Work item: An exact copy of the data is required, with no pictures in it.

Provided material:

-----

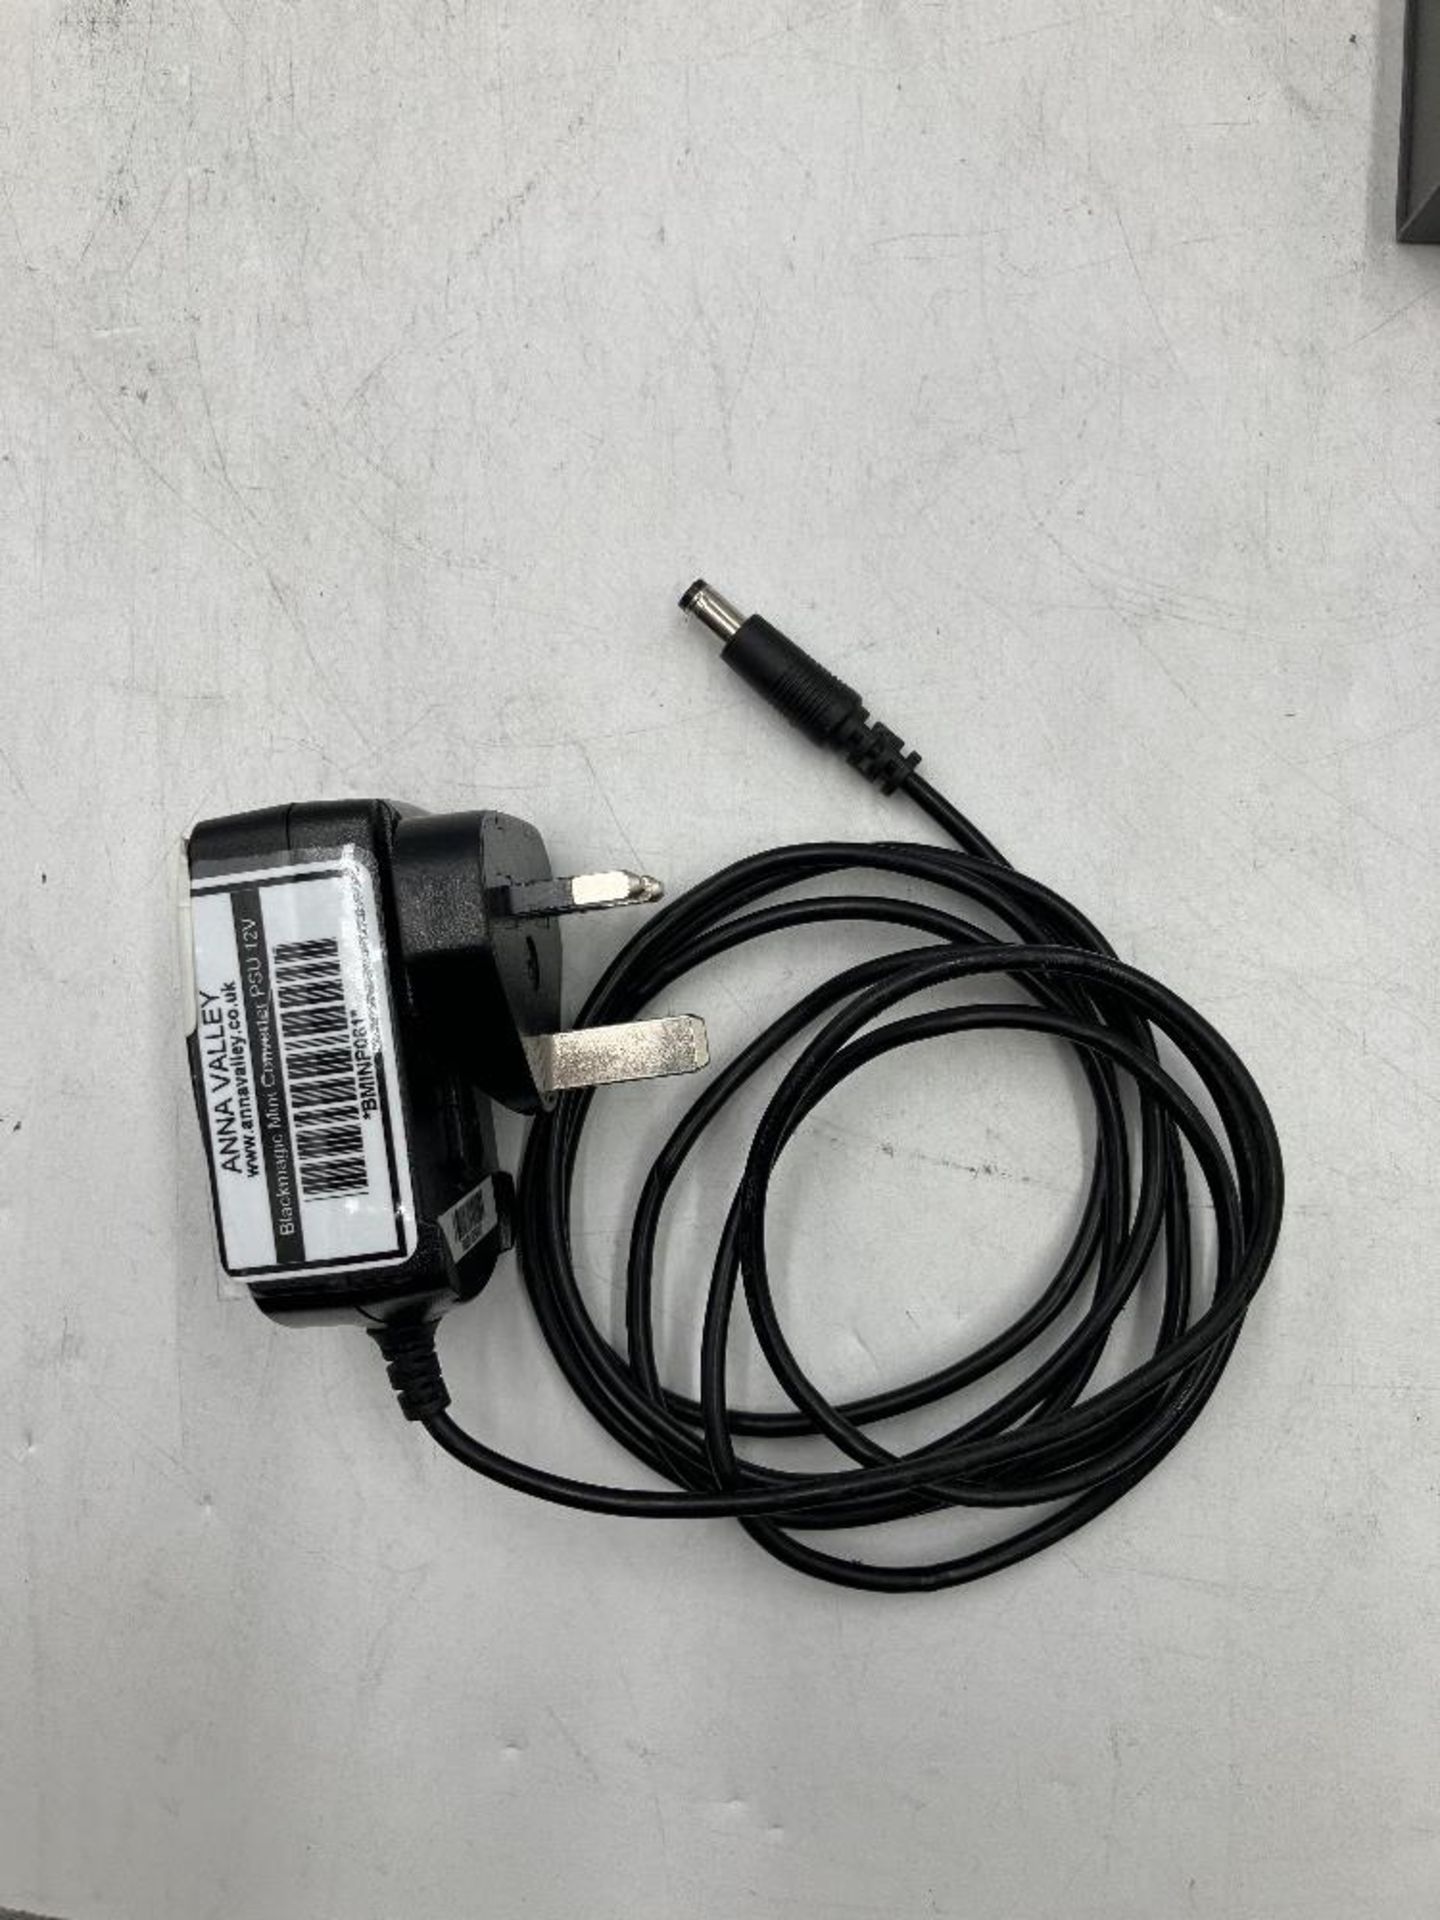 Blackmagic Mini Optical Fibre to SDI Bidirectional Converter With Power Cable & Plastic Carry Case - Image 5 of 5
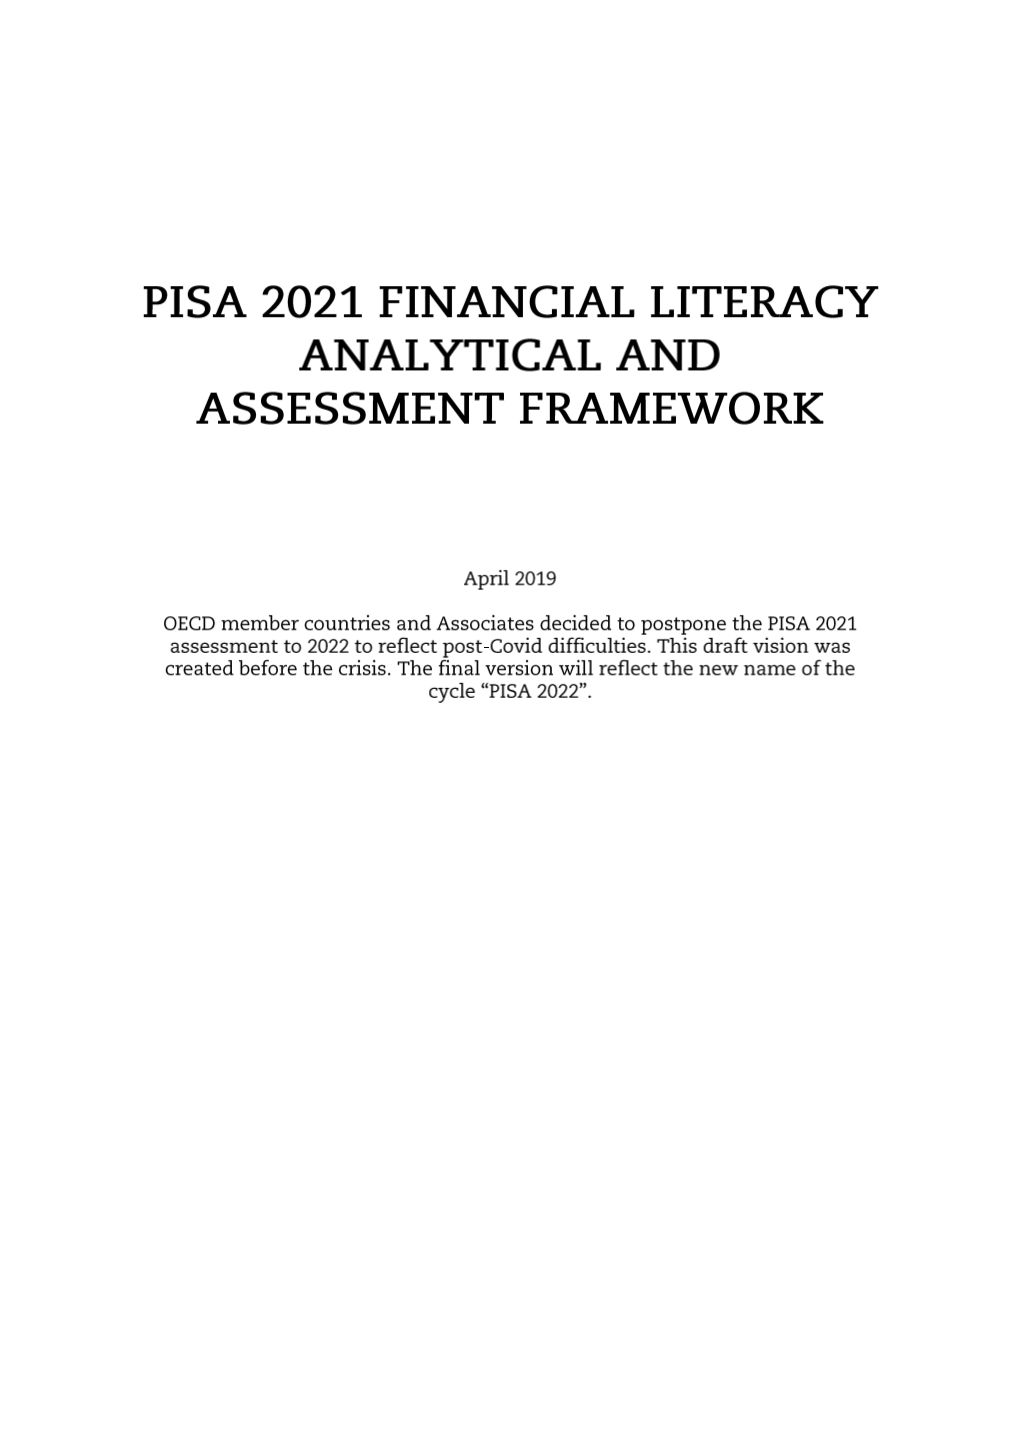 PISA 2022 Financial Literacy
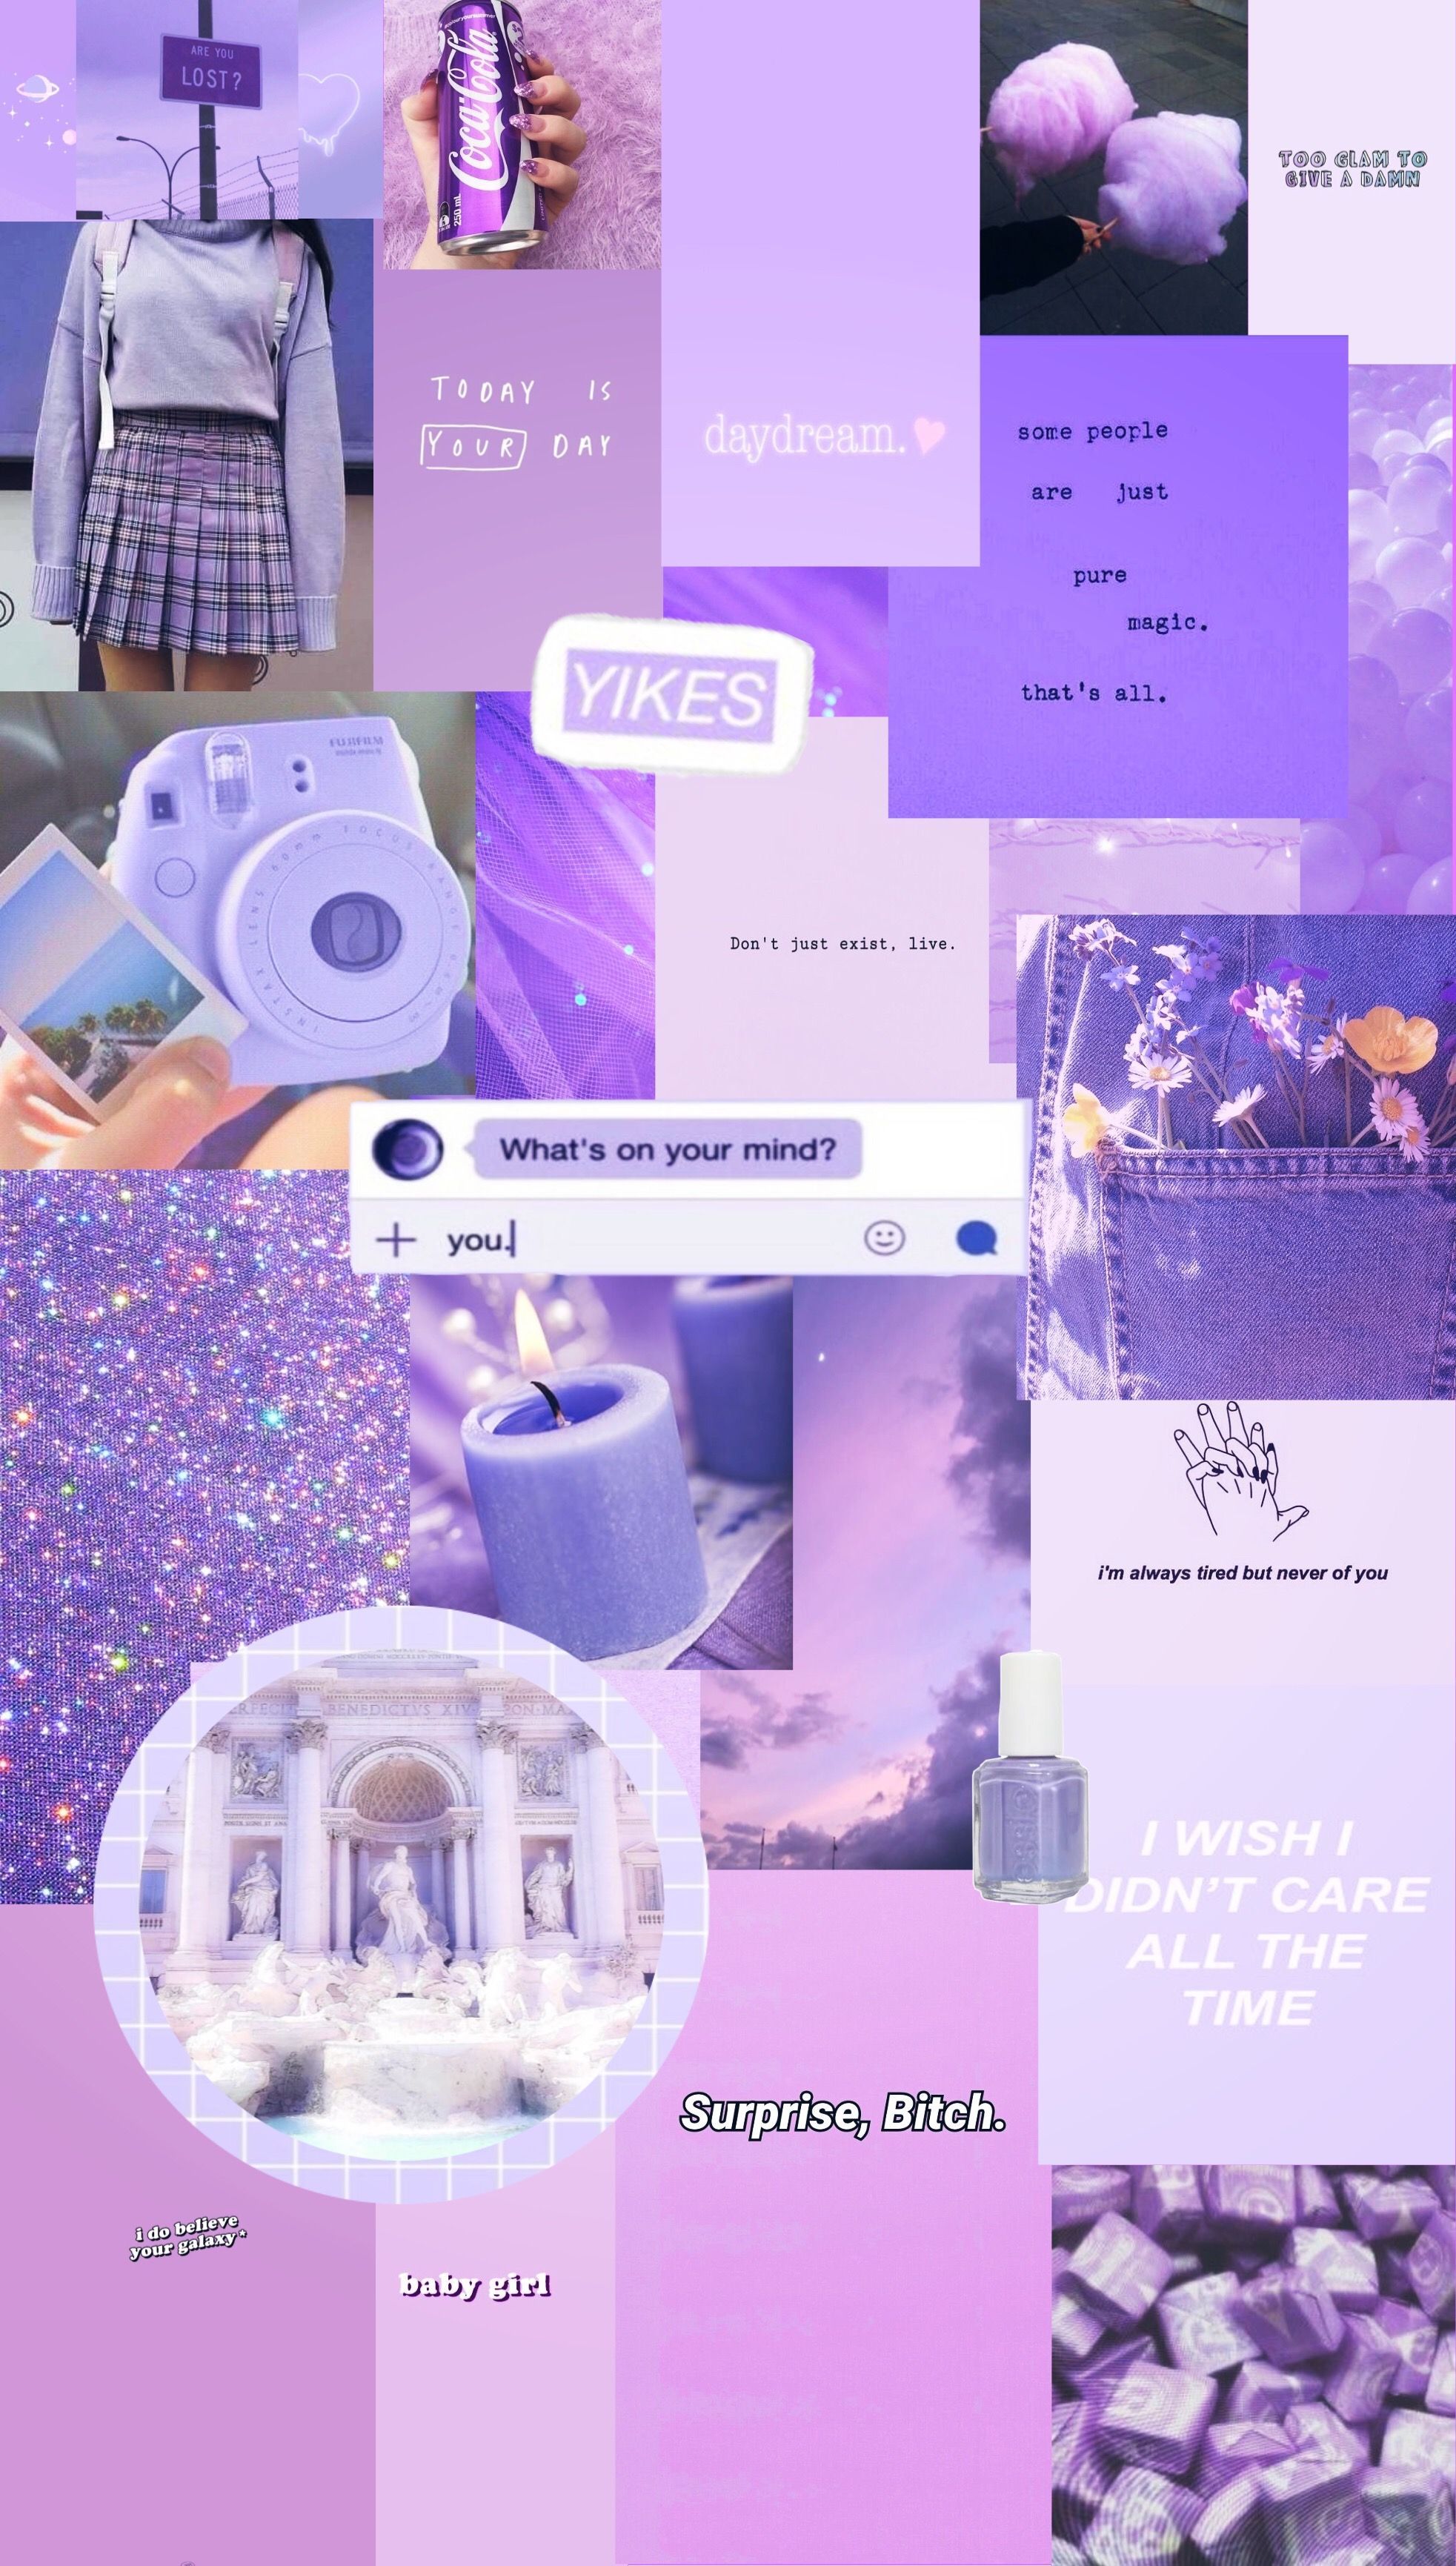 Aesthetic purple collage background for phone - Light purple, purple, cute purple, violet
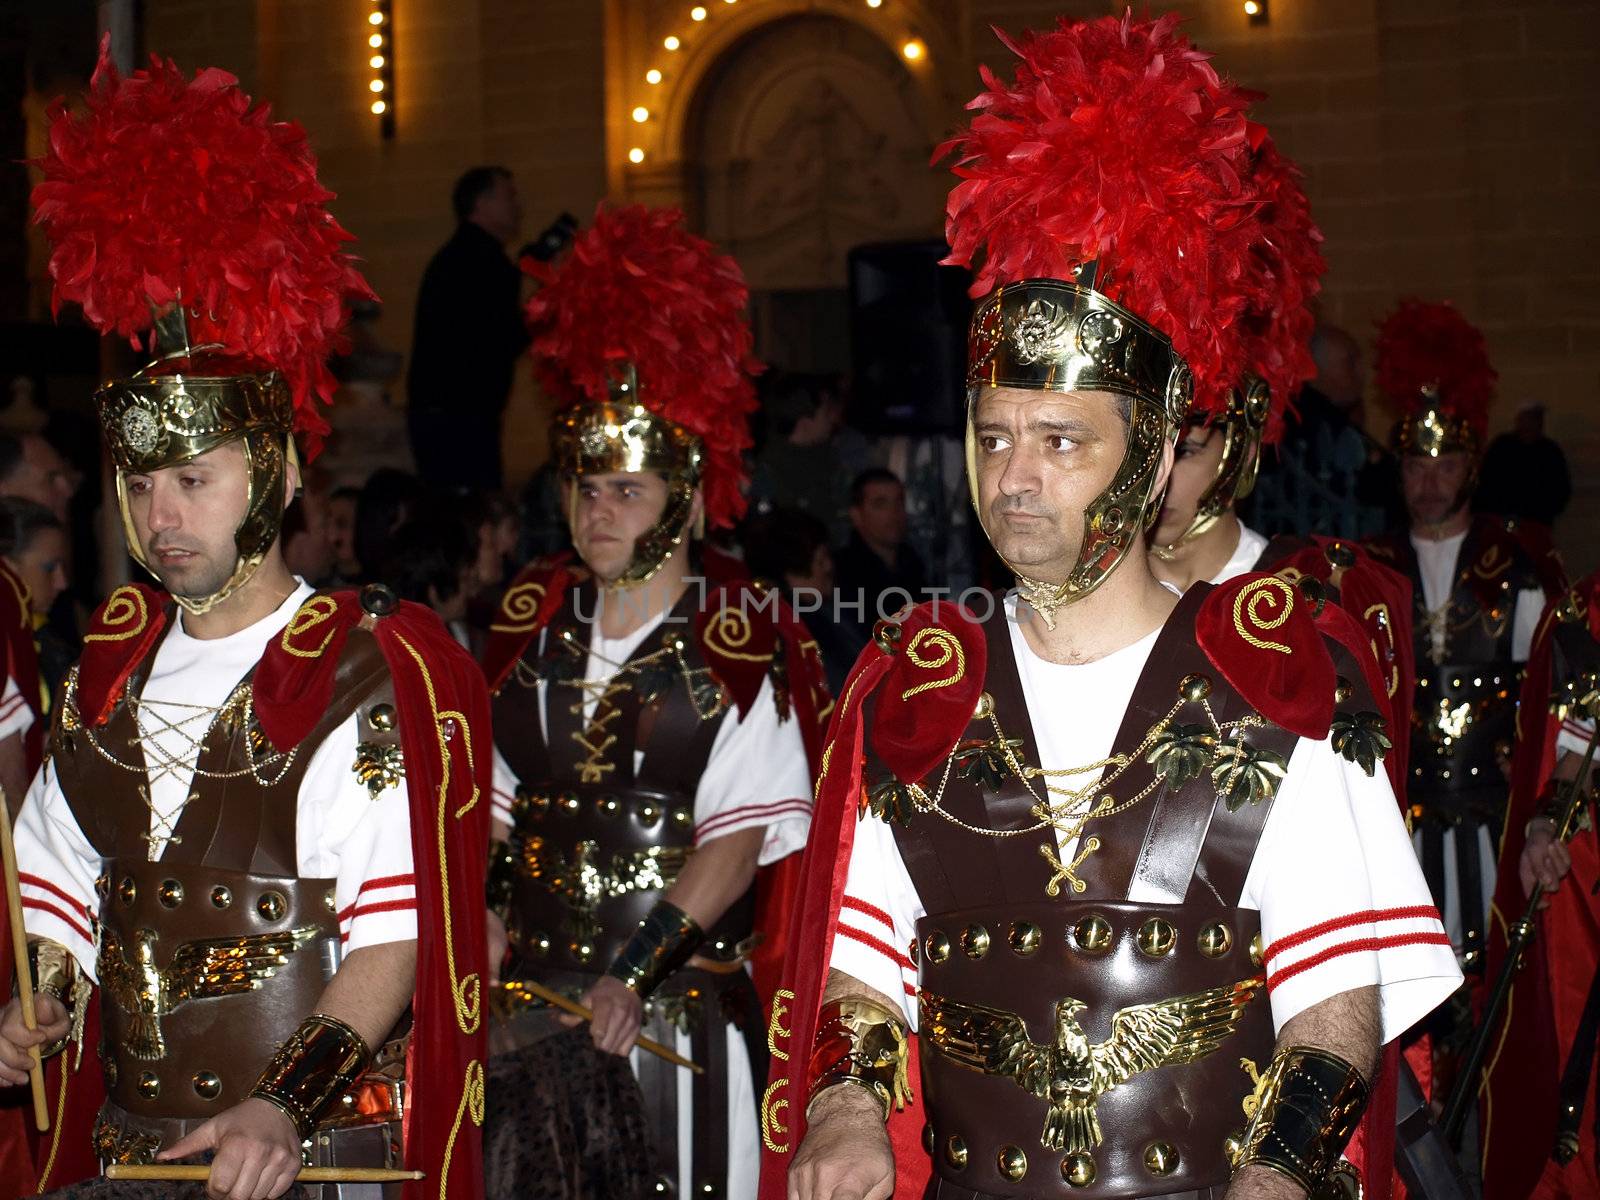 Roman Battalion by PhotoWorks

-----

Completed task:
 Blackmagic Mini Optical Fibre to SDI Bidirectional Converter With Power Cable & Plastic Carry Case - Image 5 of 5
 PISA 2022 Financial Literacy
 Aesthetic purple collage background for phone - Light purple, purple, cute purple, violet
 Roman Battalion by PhotoWorks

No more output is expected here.